# [Problem description]
Give back every record below, character for character.

# [Dataset content]
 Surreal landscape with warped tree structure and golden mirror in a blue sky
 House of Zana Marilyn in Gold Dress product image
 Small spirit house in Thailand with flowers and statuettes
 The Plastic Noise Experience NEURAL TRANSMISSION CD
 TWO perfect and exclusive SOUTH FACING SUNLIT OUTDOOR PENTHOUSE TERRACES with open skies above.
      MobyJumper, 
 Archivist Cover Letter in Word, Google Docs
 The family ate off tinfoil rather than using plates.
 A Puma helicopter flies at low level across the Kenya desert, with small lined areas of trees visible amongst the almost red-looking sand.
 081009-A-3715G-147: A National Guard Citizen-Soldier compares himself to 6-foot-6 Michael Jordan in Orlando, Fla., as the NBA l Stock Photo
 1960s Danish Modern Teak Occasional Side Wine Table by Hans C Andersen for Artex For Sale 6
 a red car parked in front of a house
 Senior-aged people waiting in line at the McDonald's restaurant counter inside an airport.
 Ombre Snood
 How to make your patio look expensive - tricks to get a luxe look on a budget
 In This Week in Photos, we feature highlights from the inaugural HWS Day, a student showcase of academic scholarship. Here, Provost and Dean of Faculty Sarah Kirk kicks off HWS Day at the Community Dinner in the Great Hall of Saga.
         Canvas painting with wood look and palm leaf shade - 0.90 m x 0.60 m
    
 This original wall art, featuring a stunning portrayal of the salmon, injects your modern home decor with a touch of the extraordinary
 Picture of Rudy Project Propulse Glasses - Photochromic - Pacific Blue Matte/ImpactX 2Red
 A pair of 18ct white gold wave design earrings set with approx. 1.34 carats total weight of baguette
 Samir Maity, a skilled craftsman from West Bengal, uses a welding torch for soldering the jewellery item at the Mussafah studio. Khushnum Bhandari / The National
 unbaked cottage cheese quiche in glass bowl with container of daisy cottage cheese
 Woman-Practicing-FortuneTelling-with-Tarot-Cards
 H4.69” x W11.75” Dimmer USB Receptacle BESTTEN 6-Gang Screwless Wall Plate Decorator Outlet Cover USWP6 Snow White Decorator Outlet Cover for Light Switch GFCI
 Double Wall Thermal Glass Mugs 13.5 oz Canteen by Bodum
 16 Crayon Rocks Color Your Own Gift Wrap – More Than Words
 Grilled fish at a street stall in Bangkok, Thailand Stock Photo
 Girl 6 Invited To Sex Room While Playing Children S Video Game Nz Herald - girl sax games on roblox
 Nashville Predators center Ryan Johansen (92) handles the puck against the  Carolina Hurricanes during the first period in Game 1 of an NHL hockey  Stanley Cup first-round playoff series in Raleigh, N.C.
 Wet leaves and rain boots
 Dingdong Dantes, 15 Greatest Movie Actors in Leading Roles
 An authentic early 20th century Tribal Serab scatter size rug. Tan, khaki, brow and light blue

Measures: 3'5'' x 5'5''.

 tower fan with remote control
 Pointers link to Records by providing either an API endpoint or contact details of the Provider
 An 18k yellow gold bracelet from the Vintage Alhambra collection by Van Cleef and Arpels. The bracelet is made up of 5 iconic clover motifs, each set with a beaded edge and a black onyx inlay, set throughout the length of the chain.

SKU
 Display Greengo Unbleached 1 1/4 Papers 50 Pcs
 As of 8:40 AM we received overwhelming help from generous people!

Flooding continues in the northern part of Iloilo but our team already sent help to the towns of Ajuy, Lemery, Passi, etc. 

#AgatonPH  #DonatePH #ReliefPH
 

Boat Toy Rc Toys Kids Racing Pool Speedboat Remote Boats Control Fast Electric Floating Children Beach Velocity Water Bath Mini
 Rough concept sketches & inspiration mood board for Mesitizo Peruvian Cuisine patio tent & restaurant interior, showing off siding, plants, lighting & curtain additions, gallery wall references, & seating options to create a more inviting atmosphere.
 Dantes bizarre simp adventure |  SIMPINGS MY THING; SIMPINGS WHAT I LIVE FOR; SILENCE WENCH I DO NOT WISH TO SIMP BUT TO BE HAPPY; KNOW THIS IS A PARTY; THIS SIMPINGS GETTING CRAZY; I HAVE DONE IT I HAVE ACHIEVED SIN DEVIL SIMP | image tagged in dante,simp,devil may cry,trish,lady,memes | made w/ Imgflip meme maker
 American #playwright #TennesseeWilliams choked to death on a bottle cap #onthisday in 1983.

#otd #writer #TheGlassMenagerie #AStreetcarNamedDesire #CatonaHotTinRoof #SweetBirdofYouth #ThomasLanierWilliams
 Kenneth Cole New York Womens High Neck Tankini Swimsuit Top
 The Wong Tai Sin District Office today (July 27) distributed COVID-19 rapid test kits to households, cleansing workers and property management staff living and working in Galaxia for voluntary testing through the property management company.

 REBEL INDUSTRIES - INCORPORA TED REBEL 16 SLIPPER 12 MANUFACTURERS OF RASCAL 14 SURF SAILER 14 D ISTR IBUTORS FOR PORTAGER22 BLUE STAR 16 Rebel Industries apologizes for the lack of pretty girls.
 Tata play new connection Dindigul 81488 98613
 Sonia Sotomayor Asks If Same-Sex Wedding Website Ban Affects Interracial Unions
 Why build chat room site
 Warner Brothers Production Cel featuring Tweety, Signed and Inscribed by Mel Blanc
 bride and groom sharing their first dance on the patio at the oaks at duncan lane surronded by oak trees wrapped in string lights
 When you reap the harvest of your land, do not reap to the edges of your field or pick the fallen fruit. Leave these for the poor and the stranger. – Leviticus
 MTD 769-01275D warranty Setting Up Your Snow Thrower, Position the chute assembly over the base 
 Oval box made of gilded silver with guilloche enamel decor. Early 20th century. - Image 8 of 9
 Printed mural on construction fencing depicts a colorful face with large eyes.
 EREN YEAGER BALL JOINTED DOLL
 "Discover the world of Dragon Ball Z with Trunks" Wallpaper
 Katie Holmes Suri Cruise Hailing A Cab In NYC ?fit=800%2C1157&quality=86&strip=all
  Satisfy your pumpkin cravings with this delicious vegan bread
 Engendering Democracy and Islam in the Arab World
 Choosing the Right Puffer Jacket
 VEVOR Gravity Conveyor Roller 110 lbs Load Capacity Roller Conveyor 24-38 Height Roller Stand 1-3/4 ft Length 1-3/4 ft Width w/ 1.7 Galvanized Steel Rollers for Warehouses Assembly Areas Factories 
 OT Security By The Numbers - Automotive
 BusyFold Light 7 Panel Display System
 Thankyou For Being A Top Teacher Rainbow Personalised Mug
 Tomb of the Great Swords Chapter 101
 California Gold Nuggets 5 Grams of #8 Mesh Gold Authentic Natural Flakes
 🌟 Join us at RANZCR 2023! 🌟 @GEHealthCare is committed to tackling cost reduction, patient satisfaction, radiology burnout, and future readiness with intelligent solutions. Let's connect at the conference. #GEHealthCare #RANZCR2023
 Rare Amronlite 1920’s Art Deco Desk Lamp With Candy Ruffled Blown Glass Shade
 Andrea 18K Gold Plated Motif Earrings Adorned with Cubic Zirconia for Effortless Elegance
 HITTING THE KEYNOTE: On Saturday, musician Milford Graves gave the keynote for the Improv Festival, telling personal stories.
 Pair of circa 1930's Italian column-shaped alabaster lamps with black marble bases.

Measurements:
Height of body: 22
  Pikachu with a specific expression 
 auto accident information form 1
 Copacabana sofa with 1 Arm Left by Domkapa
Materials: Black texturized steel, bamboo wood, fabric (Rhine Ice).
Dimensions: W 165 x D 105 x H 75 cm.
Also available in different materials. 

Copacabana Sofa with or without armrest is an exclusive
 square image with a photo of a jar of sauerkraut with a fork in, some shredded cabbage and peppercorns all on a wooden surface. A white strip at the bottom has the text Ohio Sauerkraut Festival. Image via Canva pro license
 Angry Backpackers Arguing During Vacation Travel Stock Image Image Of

# [Output for this task]
 Surreal landscape with warped tree structure and golden mirror in a blue sky
 House of Zana Marilyn in Gold Dress product image
 Small spirit house in Thailand with flowers and statuettes
 The Plastic Noise Experience NEURAL TRANSMISSION CD
 TWO perfect and exclusive SOUTH FACING SUNLIT OUTDOOR PENTHOUSE TERRACES with open skies above.
      MobyJumper, 
 Archivist Cover Letter in Word, Google Docs
 The family ate off tinfoil rather than using plates.
 A Puma helicopter flies at low level across the Kenya desert, with small lined areas of trees visible amongst the almost red-looking sand.
 081009-A-3715G-147: A National Guard Citizen-Soldier compares himself to 6-foot-6 Michael Jordan in Orlando, Fla., as the NBA l Stock Photo
 1960s Danish Modern Teak Occasional Side Wine Table by Hans C Andersen for Artex For Sale 6
 a red car parked in front of a house
 Senior-aged people waiting in line at the McDonald's restaurant counter inside an airport.
 Ombre Snood
 How to make your patio look expensive - tricks to get a luxe look on a budget
 In This Week in Photos, we feature highlights from the inaugural HWS Day, a student showcase of academic scholarship. Here, Provost and Dean of Faculty Sarah Kirk kicks off HWS Day at the Community Dinner in the Great Hall of Saga.
         Canvas painting with wood look and palm leaf shade - 0.90 m x 0.60 m
    
 This original wall art, featuring a stunning portrayal of the salmon, injects your modern home decor with a touch of the extraordinary
 Picture of Rudy Project Propulse Glasses - Photochromic - Pacific Blue Matte/ImpactX 2Red
 A pair of 18ct white gold wave design earrings set with approx. 1.34 carats total weight of baguette
 Samir Maity, a skilled craftsman from West Bengal, uses a welding torch for soldering the jewellery item at the Mussafah studio. Khushnum Bhandari / The National
 unbaked cottage cheese quiche in glass bowl with container of daisy cottage cheese
 Woman-Practicing-FortuneTelling-with-Tarot-Cards
 H4.69” x W11.75” Dimmer USB Receptacle BESTTEN 6-Gang Screwless Wall Plate Decorator Outlet Cover USWP6 Snow White Decorator Outlet Cover for Light Switch GFCI
 Double Wall Thermal Glass Mugs 13.5 oz Canteen by Bodum
 16 Crayon Rocks Color Your Own Gift Wrap – More Than Words
 Grilled fish at a street stall in Bangkok, Thailand Stock Photo
 Girl 6 Invited To Sex Room While Playing Children S Video Game Nz Herald - girl sax games on roblox
 Nashville Predators center Ryan Johansen (92) handles the puck against the  Carolina Hurricanes during the first period in Game 1 of an NHL hockey  Stanley Cup first-round playoff series in Raleigh, N.C.
 Wet leaves and rain boots
 Dingdong Dantes, 15 Greatest Movie Actors in Leading Roles
 An authentic early 20th century Tribal Serab scatter size rug. Tan, khaki, brow and light blue

Measures: 3'5'' x 5'5''.

 tower fan with remote control
 Pointers link to Records by providing either an API endpoint or contact details of the Provider
 An 18k yellow gold bracelet from the Vintage Alhambra collection by Van Cleef and Arpels. The bracelet is made up of 5 iconic clover motifs, each set with a beaded edge and a black onyx inlay, set throughout the length of the chain.

SKU
 Display Greengo Unbleached 1 1/4 Papers 50 Pcs
 As of 8:40 AM we received overwhelming help from generous people!

Flooding continues in the northern part of Iloilo but our team already sent help to the towns of Ajuy, Lemery, Passi, etc. 

#AgatonPH  #DonatePH #ReliefPH
 

Boat Toy Rc Toys Kids Racing Pool Speedboat Remote Boats Control Fast Electric Floating Children Beach Velocity Water Bath Mini
 Rough concept sketches & inspiration mood board for Mesitizo Peruvian Cuisine patio tent & restaurant interior, showing off siding, plants, lighting & curtain additions, gallery wall references, & seating options to create a more inviting atmosphere.
 Dantes bizarre simp adventure |  SIMPINGS MY THING; SIMPINGS WHAT I LIVE FOR; SILENCE WENCH I DO NOT WISH TO SIMP BUT TO BE HAPPY; KNOW THIS IS A PARTY; THIS SIMPINGS GETTING CRAZY; I HAVE DONE IT I HAVE ACHIEVED SIN DEVIL SIMP | image tagged in dante,simp,devil may cry,trish,lady,memes | made w/ Imgflip meme maker
 American #playwright #TennesseeWilliams choked to death on a bottle cap #onthisday in 1983.

#otd #writer #TheGlassMenagerie #AStreetcarNamedDesire #CatonaHotTinRoof #SweetBirdofYouth #ThomasLanierWilliams
 Kenneth Cole New York Womens High Neck Tankini Swimsuit Top
 The Wong Tai Sin District Office today (July 27) distributed COVID-19 rapid test kits to households, cleansing workers and property management staff living and working in Galaxia for voluntary testing through the property management company.

 REBEL INDUSTRIES - INCORPORA TED REBEL 16 SLIPPER 12 MANUFACTURERS OF RASCAL 14 SURF SAILER 14 D ISTR IBUTORS FOR PORTAGER22 BLUE STAR 16 Rebel Industries apologizes for the lack of pretty girls.
 Tata play new connection Dindigul 81488 98613
 Sonia Sotomayor Asks If Same-Sex Wedding Website Ban Affects Interracial Unions
 Why build chat room site
 Warner Brothers Production Cel featuring Tweety, Signed and Inscribed by Mel Blanc
 bride and groom sharing their first dance on the patio at the oaks at duncan lane surronded by oak trees wrapped in string lights
 When you reap the harvest of your land, do not reap to the edges of your field or pick the fallen fruit. Leave these for the poor and the stranger. – Leviticus
 MTD 769-01275D warranty Setting Up Your Snow Thrower, Position the chute assembly over the base 
 Oval box made of gilded silver with guilloche enamel decor. Early 20th century. - Image 8 of 9
 Printed mural on construction fencing depicts a colorful face with large eyes.
 EREN YEAGER BALL JOINTED DOLL
 "Discover the world of Dragon Ball Z with Trunks" Wallpaper
 Katie Holmes Suri Cruise Hailing A Cab In NYC ?fit=800%2C1157&quality=86&strip=all
  Satisfy your pumpkin cravings with this delicious vegan bread
 Engendering Democracy and Islam in the Arab World
 Choosing the Right Puffer Jacket
 VEVOR Gravity Conveyor Roller 110 lbs Load Capacity Roller Conveyor 24-38 Height Roller Stand 1-3/4 ft Length 1-3/4 ft Width w/ 1.7 Galvanized Steel Rollers for Warehouses Assembly Areas Factories 
 OT Security By The Numbers - Automotive
 BusyFold Light 7 Panel Display System
 Thankyou For Being A Top Teacher Rainbow Personalised Mug
 Tomb of the Great Swords Chapter 101
 California Gold Nuggets 5 Grams of #8 Mesh Gold Authentic Natural Flakes
 🌟 Join us at RANZCR 2023! 🌟 @GEHealthCare is committed to tackling cost reduction, patient satisfaction, radiology burnout, and future readiness with intelligent solutions. Let's connect at the conference. #GEHealthCare #RANZCR2023
 Rare Amronlite 1920’s Art Deco Desk Lamp With Candy Ruffled Blown Glass Shade
 Andrea 18K Gold Plated Motif Earrings Adorned with Cubic Zirconia for Effortless Elegance
 HITTING THE KEYNOTE: On Saturday, musician Milford Graves gave the keynote for the Improv Festival, telling personal stories.
 Pair of circa 1930's Italian column-shaped alabaster lamps with black marble bases.

Measurements:
Height of body: 22
  Pikachu with a specific expression 
 auto accident information form 1
 Copacabana sofa with 1 Arm Left by Domkapa
Materials: Black texturized steel, bamboo wood, fabric (Rhine Ice).
Dimensions: W 165 x D 105 x H 75 cm.
Also available in different materials. 

Copacabana Sofa with or without armrest is an exclusive
 square image with a photo of a jar of sauerkraut with a fork in, some shredded cabbage and peppercorns all on a wooden surface. A white strip at the bottom has the text Ohio Sauerkraut Festival. Image via Canva pro license
 Angry Backpackers Arguing During Vacation Travel Stock Image Image Of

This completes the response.